Por: Mónica Teresa Müller

 

El café de la esquina de la oficina era la parada obligada de todas las mañanas y, desde la mesa junto a la ventana, dejaba que mi mirada vagara a gusto entre los rostros de los transeúntes. Uno me llamaba la atención. Pasaba justo a la nueve y como si estuviera planeado, se persignaba frente a un ceibo que permanecía indiferente al paso de la gente; el hombre se quitaba una gorra a modo de saludo y continuaba el trayecto. No tenía un aspecto descuidado, solo la boina era de un gastado azul. Por más que intentara no mirarlo, no podía escapar a su presencia.
Pasados unos meses, comencé a inquietarme. La causa de la preocupación apareció una noche en el sueño. El hombre de la boina trataba de decirme algo en un idioma que no reconocí. Tras el mensaje, se sacaba el gorro y me mostraba la etiqueta, impecable y en la que pude leer un nombre: Ramón. Al despertar me di cuenta que no era una marca sino una cinta bordada.
A partir de esa aquella noche, Ramón fue el centro de mis preocupaciones. No semejaba un anciano, aparentaba cincuenta y tantos años. No sabía la causa, pero reconozco que traté de descubrir el por qué de su actitud.
Una mañana, me preparé para seguirlo, pero al dar la vuelta por la avenida Belgrano, no lo encontré. Sucedió igual en otras ocasiones, pero Ramón continuó presente en mis sueños.

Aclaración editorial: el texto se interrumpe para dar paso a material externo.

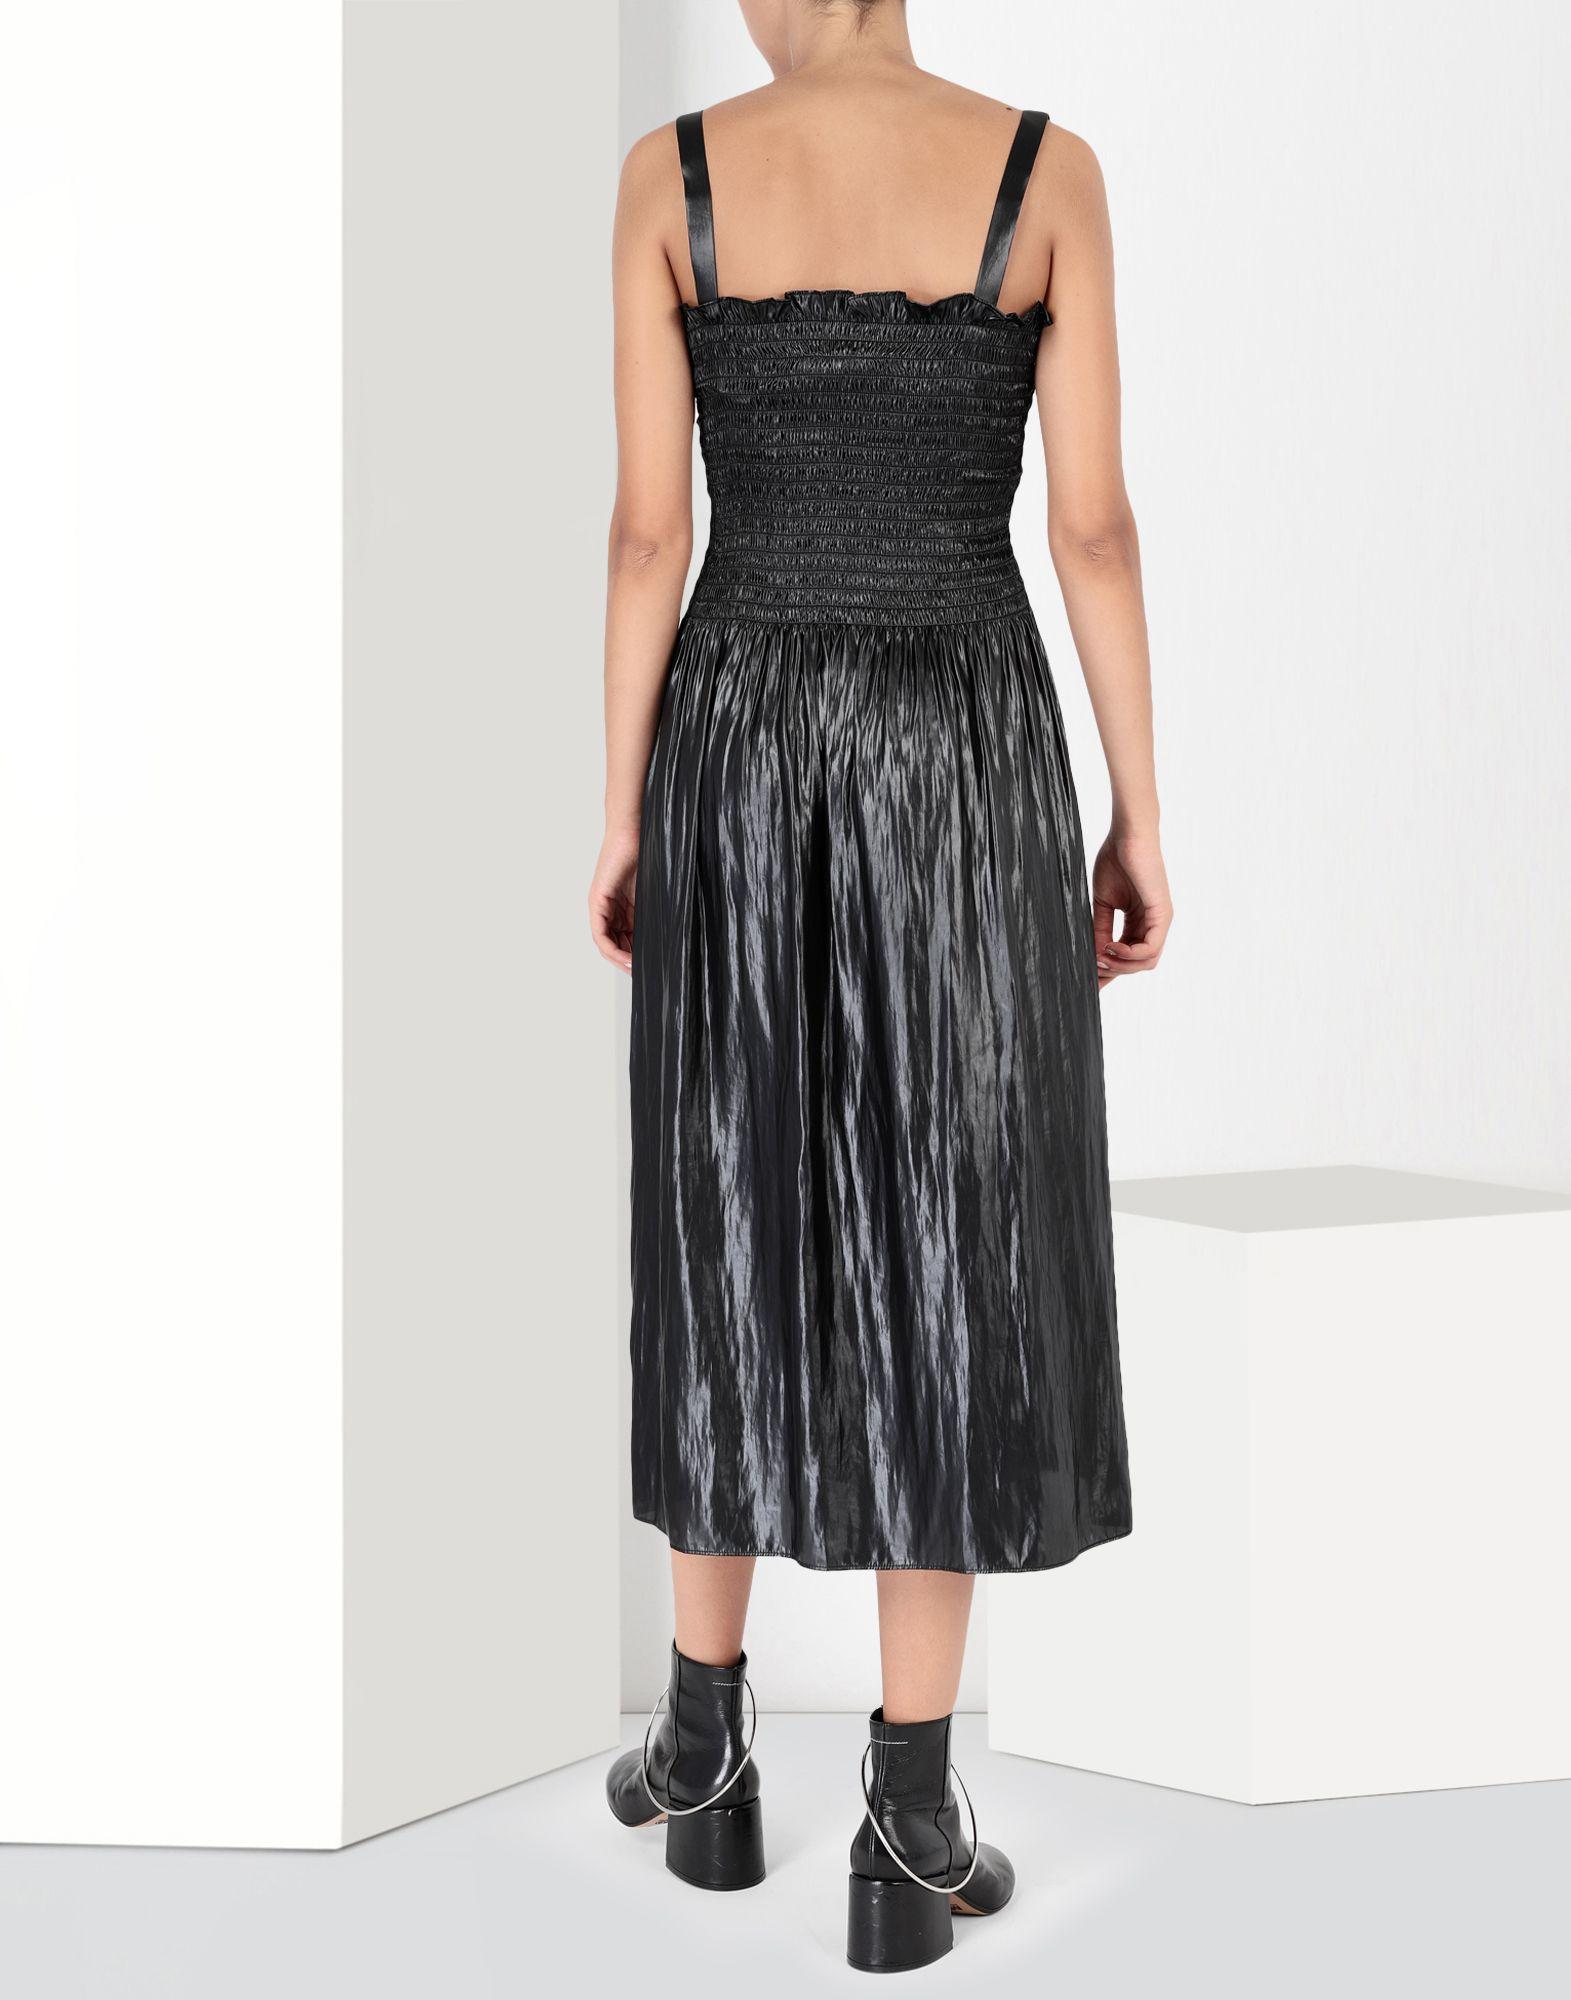 MM6 MAISON MARGIELA Fluid satin dress 3/4 length dress Woman d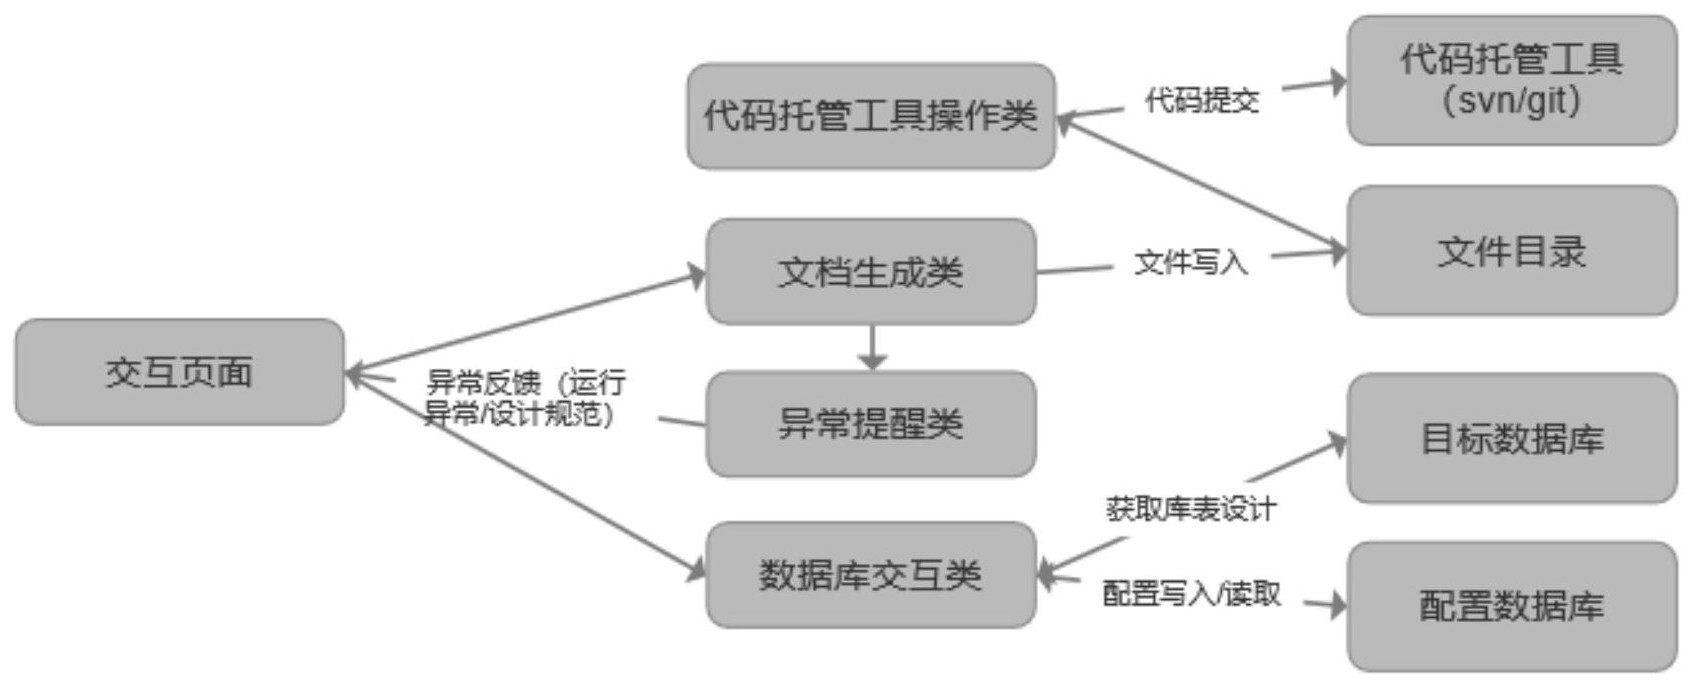 一种自动生成数据库说明文档的方法

Recordé que los mayas consideraban y aún consideran la ceiba un árbol divino, “el árbol de la vida”, las ramas forman el cielo, el tronco el plano terrenal y las raíces tejen el inframundo. Aunque éste era un ceibo, tal vez el hombre lo adorara y sentí que la relación existía. Manejé otra hipótesis, quizá Ramón creyera como los antiguos griegos que los árboles son el primer lugar de culto en donde las fuerzas de la naturaleza potencializan la imaginación humana. De una forma u otra, Ramón había logrado que yo pensara en él constantemente.
Los sueños pasaron a ser pesadillas en las que el hombre, con atuendo unas veces maya y otras con vestimenta griega, penetraba su cuerpo en el ceibo, agitaba las ramas de las que se desprendían las rojas y carnosas flores para luego resurgir reptando desde las raíces.
Luego de meses de alucinaciones, y cafés tras la ventana del bar, decidí regresar una noche. Creo que el poder de la mente actúa cuando la fuerza interior es magnífica. Acerté en presuponer que aquella noche se presentaría mi hombre.
Apareció notablemente deteriorado, parecía haber envejecido en esos meses. Su cuerpo se doblaba hacia adelante, mientras una larga melena batallaba para no caer sobre su rostro. Vi que se arrodillaba con dificultad, se persignaba y con un cuchillo quitaba la corteza del ceibo. Lo vi llorar. Y sin atinar detenerlo, partió.
Averigüé con el tiempo que la corteza del ceibo contiene un alcaloide que posee propiedades narcóticas y sedativas que, en baños, alivian dolores; elegí creer que los de Ramón eran los del alma.